Day by day, life finds me less critical, more playful.
I have no excuses.
No one to blame.
Curiosity prevails.
There is no failure
I seek to engage rather than impress.
Hurting. Where I used to soar – a milestone of acceptance has passed with a determination to carry on.
I like the work to be open, exploratory, with no desire to resolve.
Bio
Michael Fernandes’ practice combines linguistic and performance events catalyzed by humour. Currently living near Halifax, Nova Scotia, Fernandes was born in Trinidad and moved to Montreal when he was 17 years old. Initially a painter, he turned to installation and multimedia to create situations that actively solicit participation from the viewer, while accommodating the viewer’s subjective response.

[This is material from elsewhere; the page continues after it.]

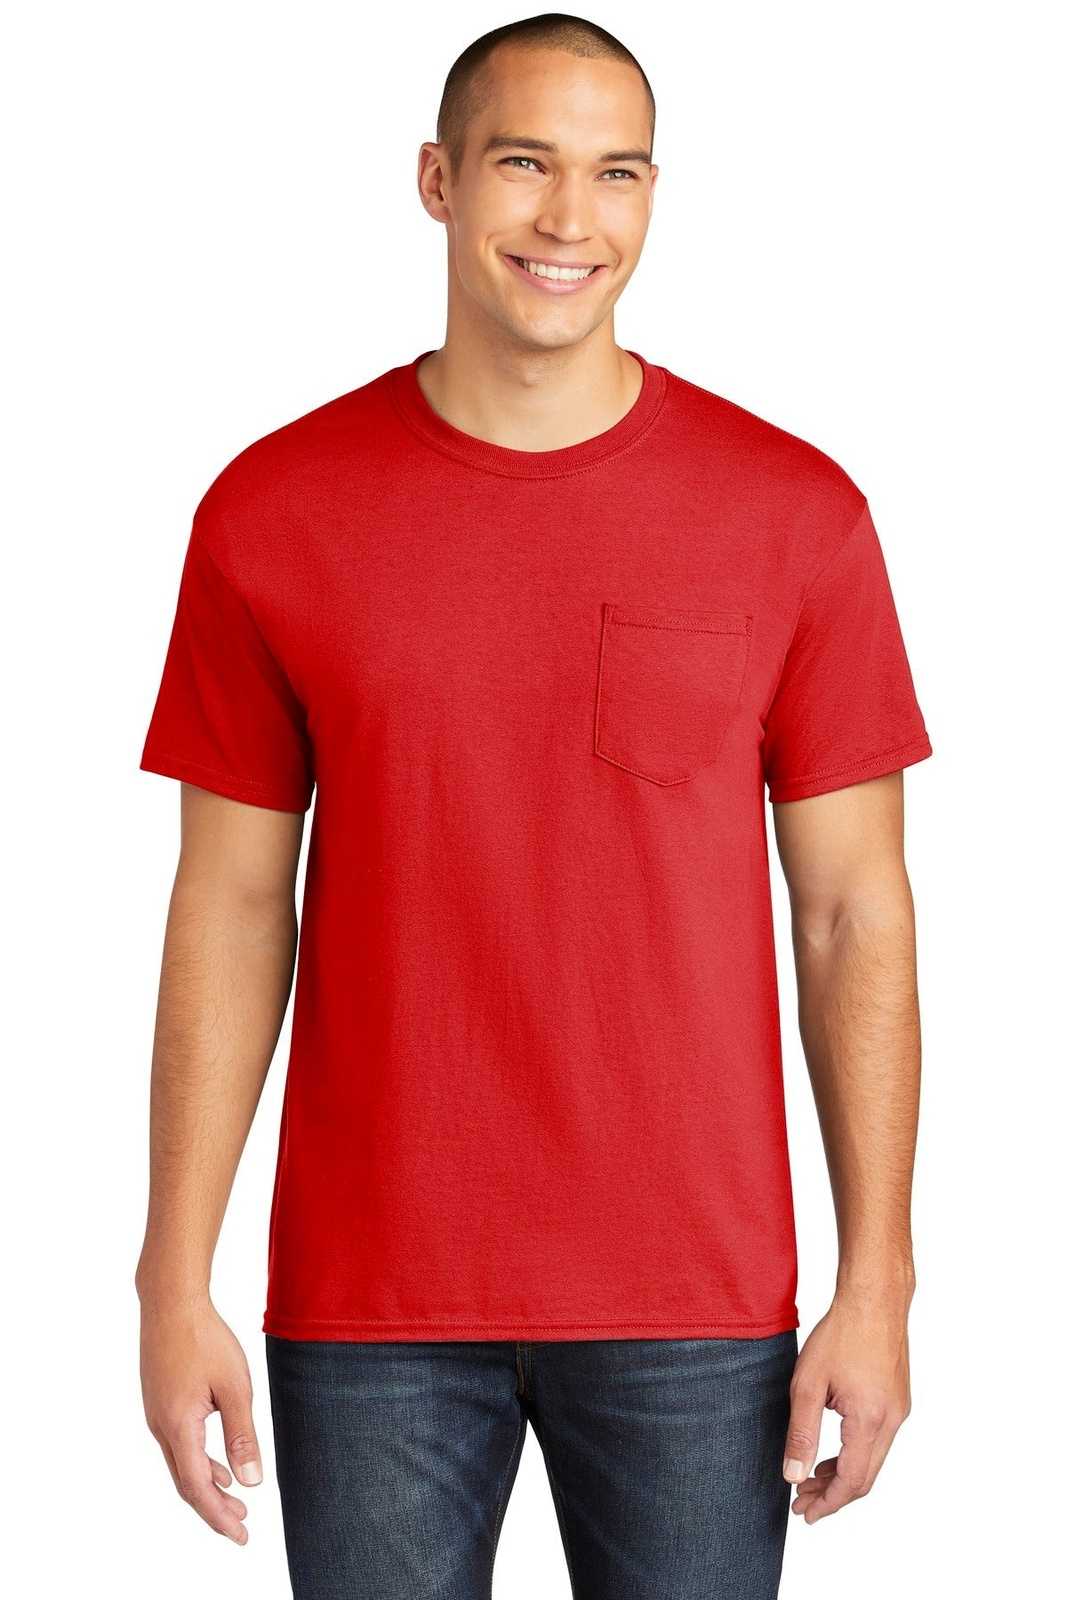 Gildan 5300 Heavy Cotton 100% Cotton Pocket T-Shirt - Red - HIT a Double

Fernandes is an instructor in Intermedia and Fine Art at the Nova Scotia College of Art and Design. He has exhibited and performed throughout Canada and internationally, notably at The National Gallery of Canada, Art Gallery of Nova Scotia, Museum of Modern Art P.S.1, New York; Calaf Art Públic, Barcelona; and The Context of Art Biennial, Warsaw. In 2006 he exhibited the interactive installations Room of Fears and Fixing Room at MSVU Art Gallery. His work was included in the nationally touring exhibition Traffic: Conceptual Art in Canada 1965-1980.